Buch lesen: «[Не]глиняные», Seite 3

Schriftart:

«Над собором сегодня не то что восход…»

Елене Штефан

над собором сегодня не то что восход, а словно крошево,

начертание битвы нещадной лебедя с коршуном.

чёрный коршун, очерченный жирным, лебедь белый, едва уловимый в крошеве.

Уважаемые члены суда, великий инквизитор, сторож, диаконы, ты, дорогая моя хорошая,

мы тогда обогнули группу деревьев, фонтан, и я понял совершенно внезапно, –

я, такой-то такой-то, уроженец, дед был хлеборобом или ремесленником (вряд ли ростовщиком или владельцем замка), –

до меня, для меня – внезапно, –

я, такой-то, сын такого-то, понял, теперь, в присутствии и т.д. и т.п., в чёрных, бордовых и серых одеждах,

паука в пыльном углу, пыли тысячелетней на серых (тысячелетних) веждах,

и твоём присутствии, милая, прямо, открыто, недвусмысленно признаю свои заблуждения (ведь вы правда ждали?).

я, такой-то такой-то, каких и до сих видали, –

я должен отказаться от всех своих заблуждений, понимаешь, моя хорошая?

центр Вселенной совсем не в тебе, дорогая моя хорошая,

центр Вселенной – чёрен от крови, он в Риме, Иерусалиме.

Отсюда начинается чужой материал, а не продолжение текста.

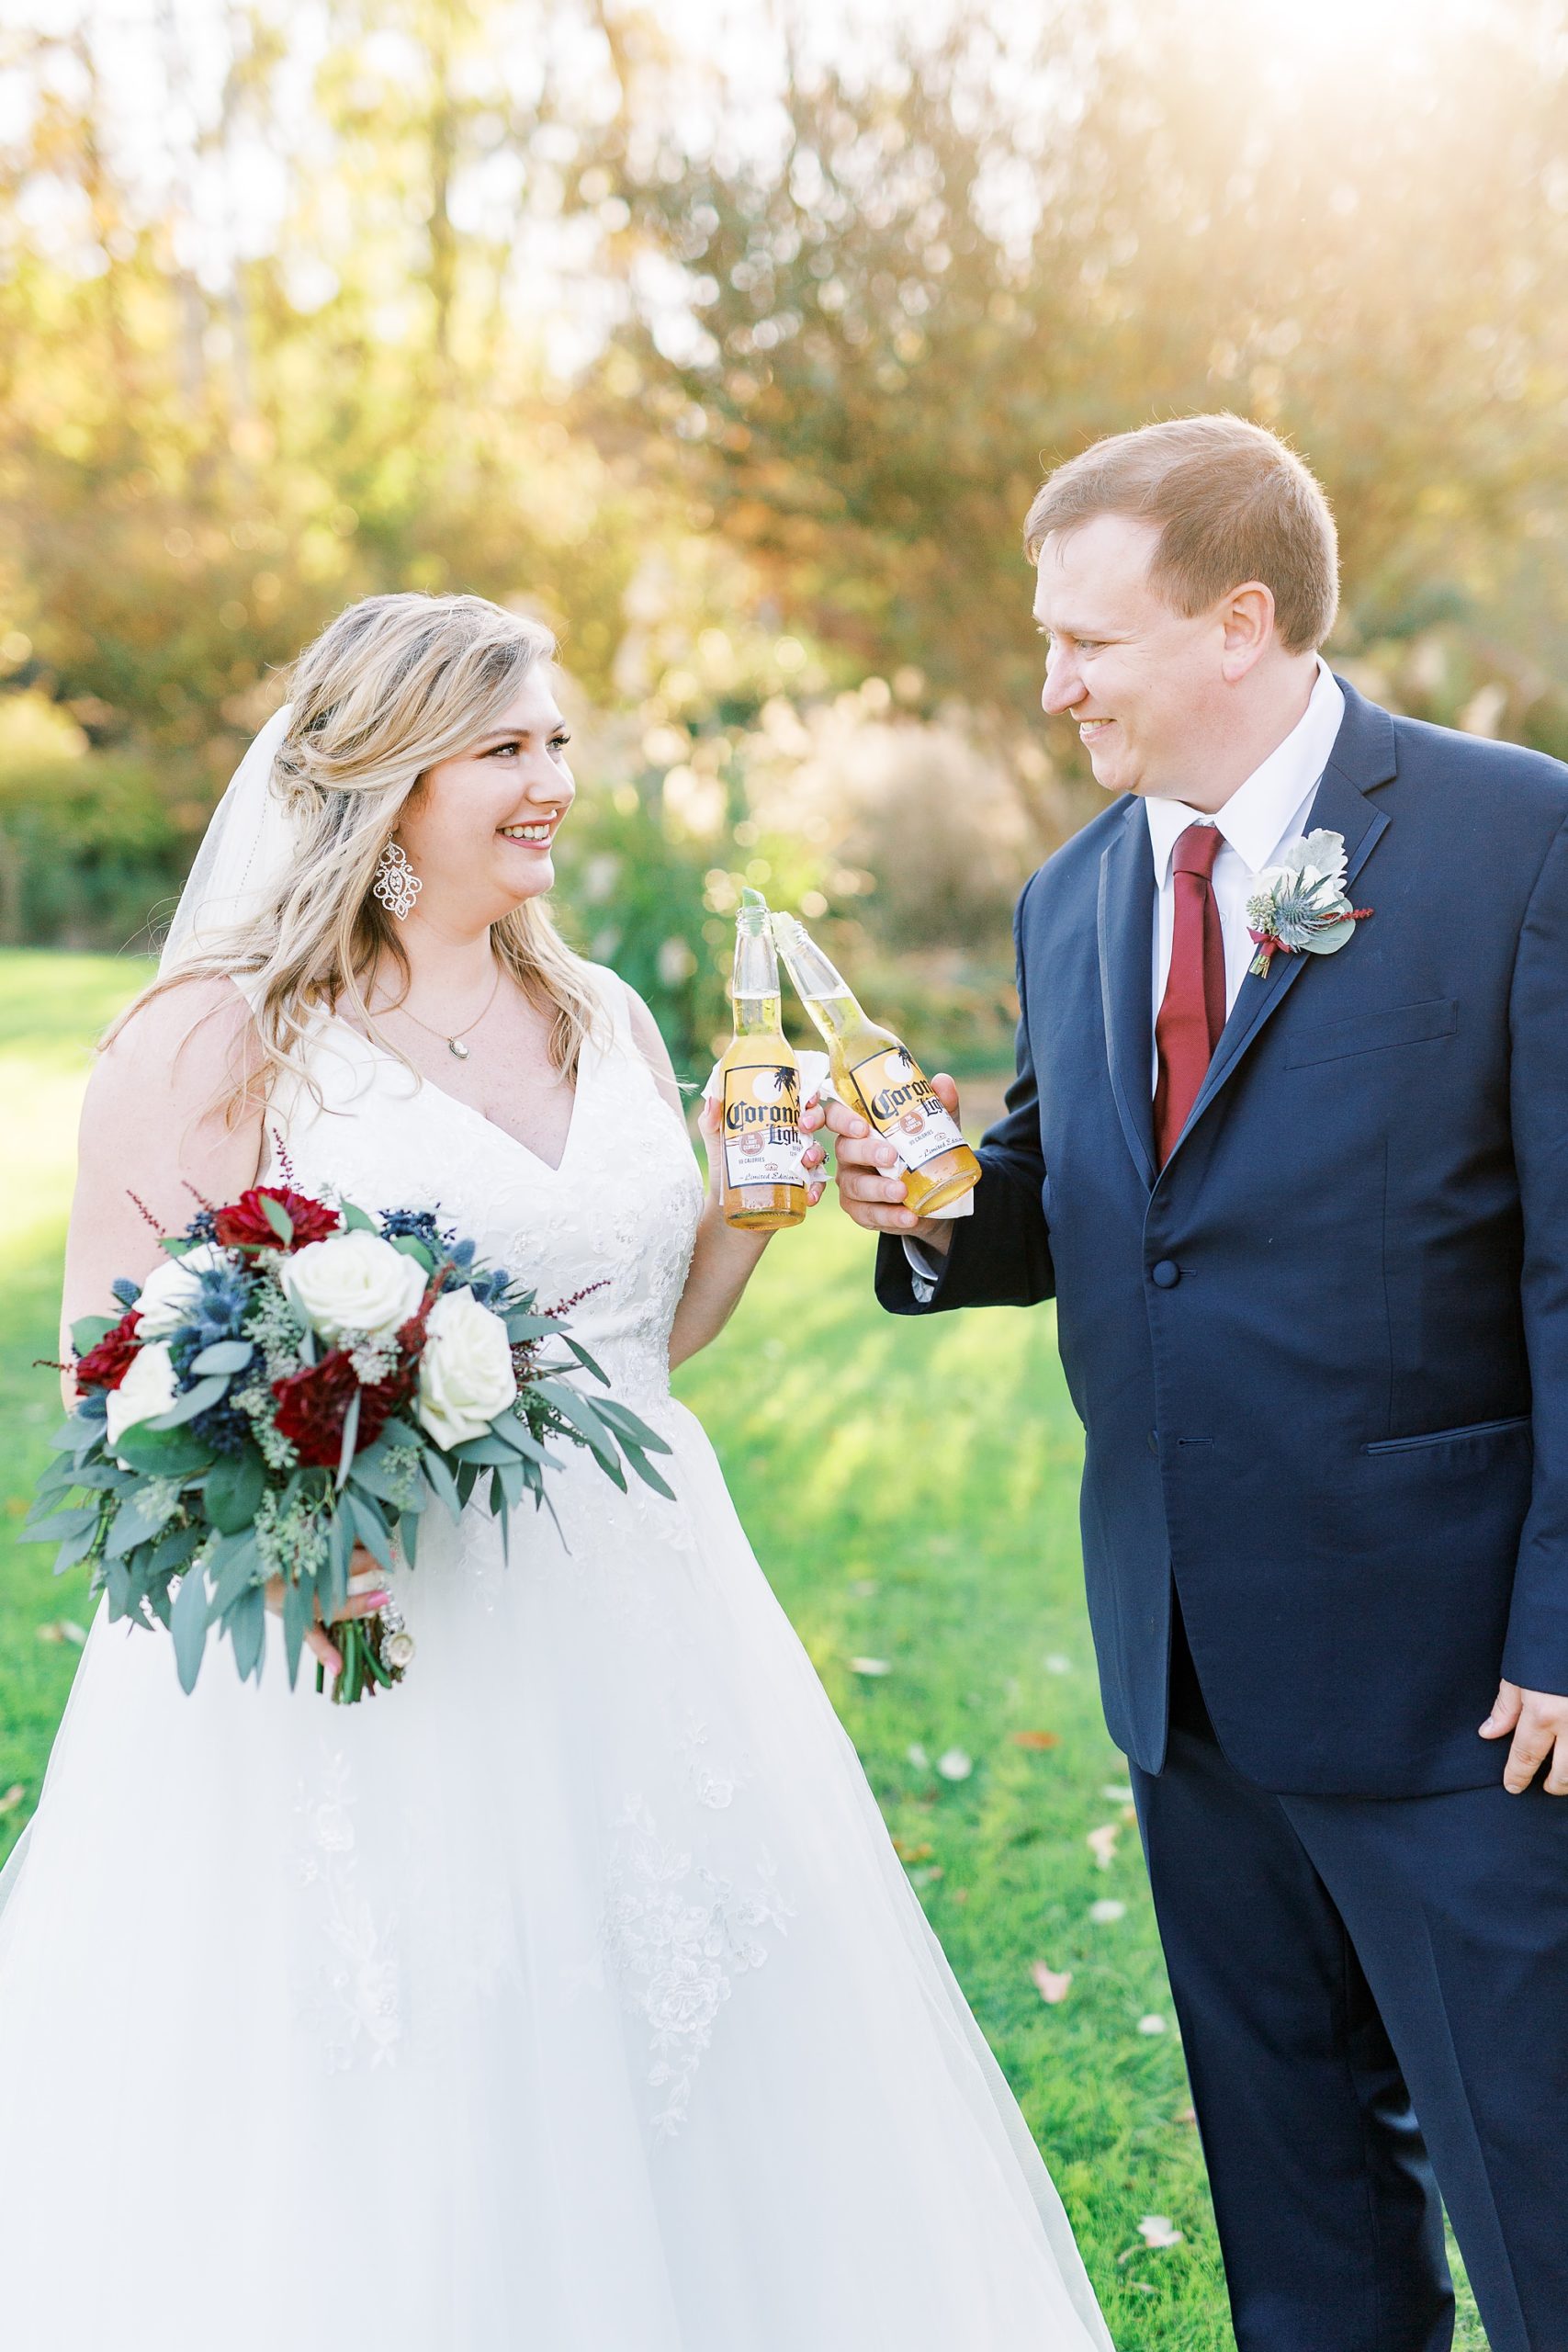 Romantic fall wedding at The Arbors in 2020

передай другим, передай третьим с другими:

центр вселенной рассчитан до положения звёзд на небе,

никогда я причастен к нему не буду и не был,

особенно после этого не буду и не был.

я ведь понял тогда, обогнув фонтан и группу деревьев

и увидев лебедя с коршуном:

исход предрешен, лебедь исходит кровью и перьями,

понимаешь, моя хорошая, –

алая кровь, белые-белые перья, моя хорошая,

понимаешь, когда вот так вот смотришь на это,

когда отрекаешься от того, чем пронизано всё, объято (не то что задето),

а вокруг пыль, паутина, скучающие одежды,

и смыкаются вежды,

смело можно говорить, а ведь она вертится, потому как теперь уже всем до лампочки, можно всем говорить, что центр здесь, в зареберье

(белые-белые перья),

и ты будешь грустить, милая моя дорогая хорошая,

потому как думаешь, не сказал, а над собором крошево –

лебедя с коршуном крошево.

«Ветер не виден явно в чреве листвы…»

Ветер не виден явно в чреве листвы,

Как не видна в котёнке ушедшая в подпол мать.

Я меняю «листвы» жухлость – на жухлость «травы».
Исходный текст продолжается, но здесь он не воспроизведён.